History of the Peloponnesian War

Thucydides

Thucydides. The English works of Thomas Hobbes of Malmesbury. Hobbes, Thomas. translator. London: John Bohn, 1843.

Archidamus, having thus spoken and dismissed the council, first sent Melesippus the son of Diacritus, a man of Sparta, to Athens to try if the Athenians, seeing them now on their journey, would yet in some degree remit of their obstinacy.

But the Athenians neither received him into their city nor presented him to the state; for the opinion of Pericles had already taken place, not to receive from the Lacedaemonians neither herald nor ambassador as long as their army was abroad. Therefore they sent him back without audience with commandment to be out of their borders the selfsame day, and that hereafter if they would anything with them, they should return everyone to his home and send their ambassadors from thence.
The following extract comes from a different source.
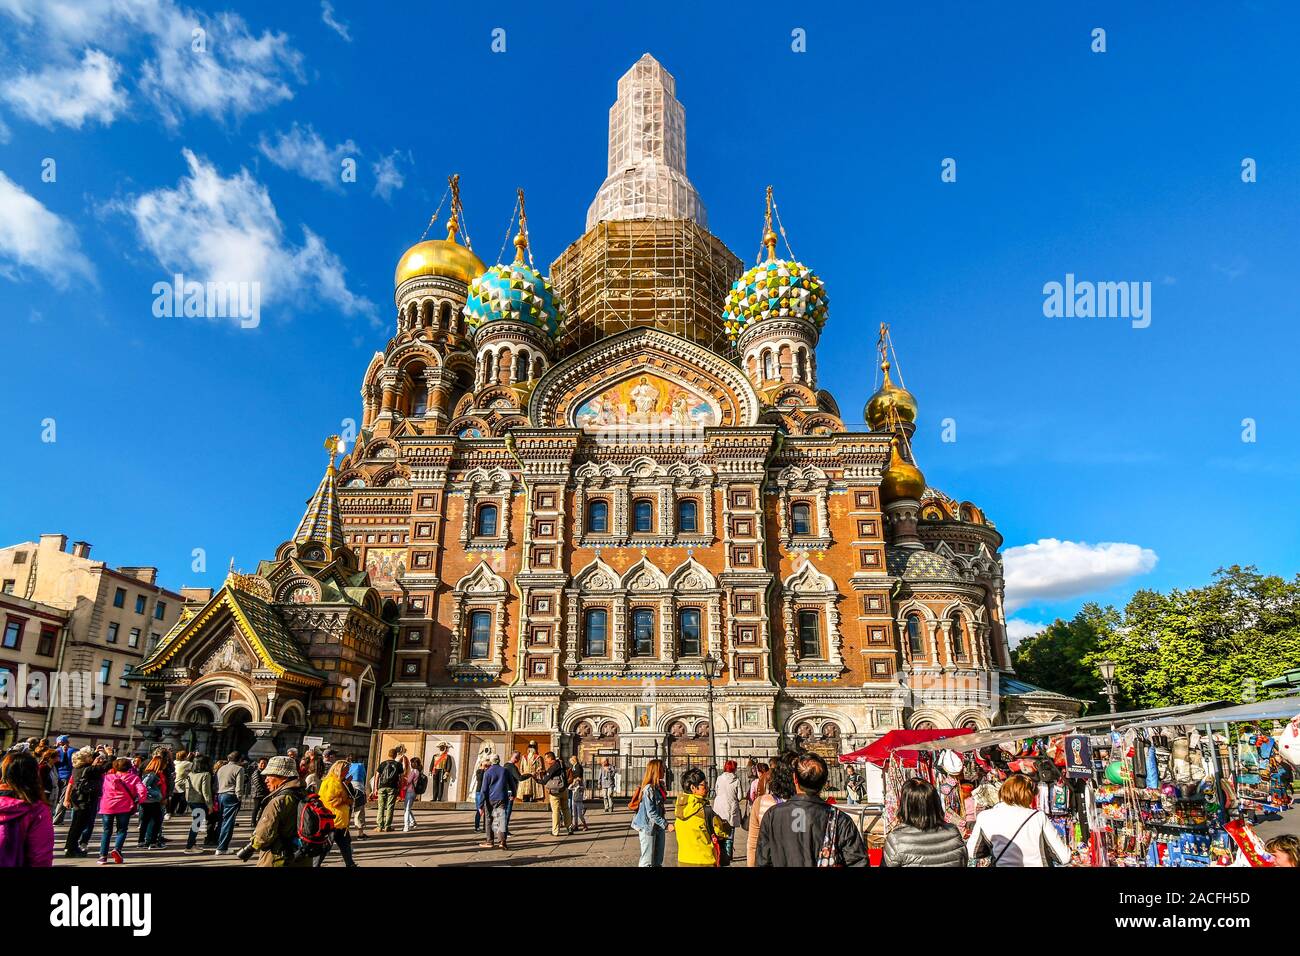 Les touristes se mêlent dans la place en face de la cité médiévale de dômes oignon et façade de l'Église du Sauveur sur le Sang Versé à Saint-Pétersbourg, en Russie. Banque D'Images

They sent with him also certain persons to convoy him out of the country to the end that no man should confer with him, who, when he came to the limits and was to be dismissed, uttered these words, This day is the beginning of much evil unto the Grecians, and so departed.

When he returned to the camp, Archidamus, perceiving that they would not relent, dislodged and marched on with his army into their territory.

The Boeotians with their appointed part and with horsemen aided the Peloponnesians, but with the rest of their forces went and wasted the territory of Plataea.

Whilst the Peloponnesians were coming together in the isthmus, and when they were on their march before they brake into Attica, Pericles the son of 13antippus, who with nine others was general of the Athenians, when he saw they were about to break in, suspecting that Archidamus, either of private courtesy or by command of the Lacedaemonians to bring him into jealousy (as they had before for his sake commanded the excommunication), might oftentimes leave his lands untouched, told the Athenians beforehand in an assembly, that though Archidamus had been his guest, it was for no ill to the state; and howsoever, if the enemy did not waste his lands and houses as well as the rest, that then he gave them to the commonwealth, and therefore desired that for this he might not be suspected. Also he advised them concerning the business in hand the same things he had done before, that they should make preparations for the war and receive their goods into the city;

that they should not go out to battle but come into the city and guard it; that they should also furnish out their navy, wherein consisted their power, and hold a careful hand over their confederates, telling them, how that in the money that came from these lay their strength, and that the victory in war consisted wholly in counsel and store of money.

Farther he bade them be confident, in that there was yearly coming into the state from the confederates for tribute, besides other revenue, six hundred talents, and remaining yet then in the citadel six thousand talents of silver coin, (for the greatest sum there had been was ten thousand talents wanting three hundred, out of which was taken that which had been expended upon the gate-houses of the citadel and upon other buildings and for the charges of Potidaea)

besides the uncoined gold and silver of private and public offerings, and all the dedicated vessels belonging to the shows and games, and the spoils of the Persian, and other things of that nature, which amounted to no less than five hundred talents.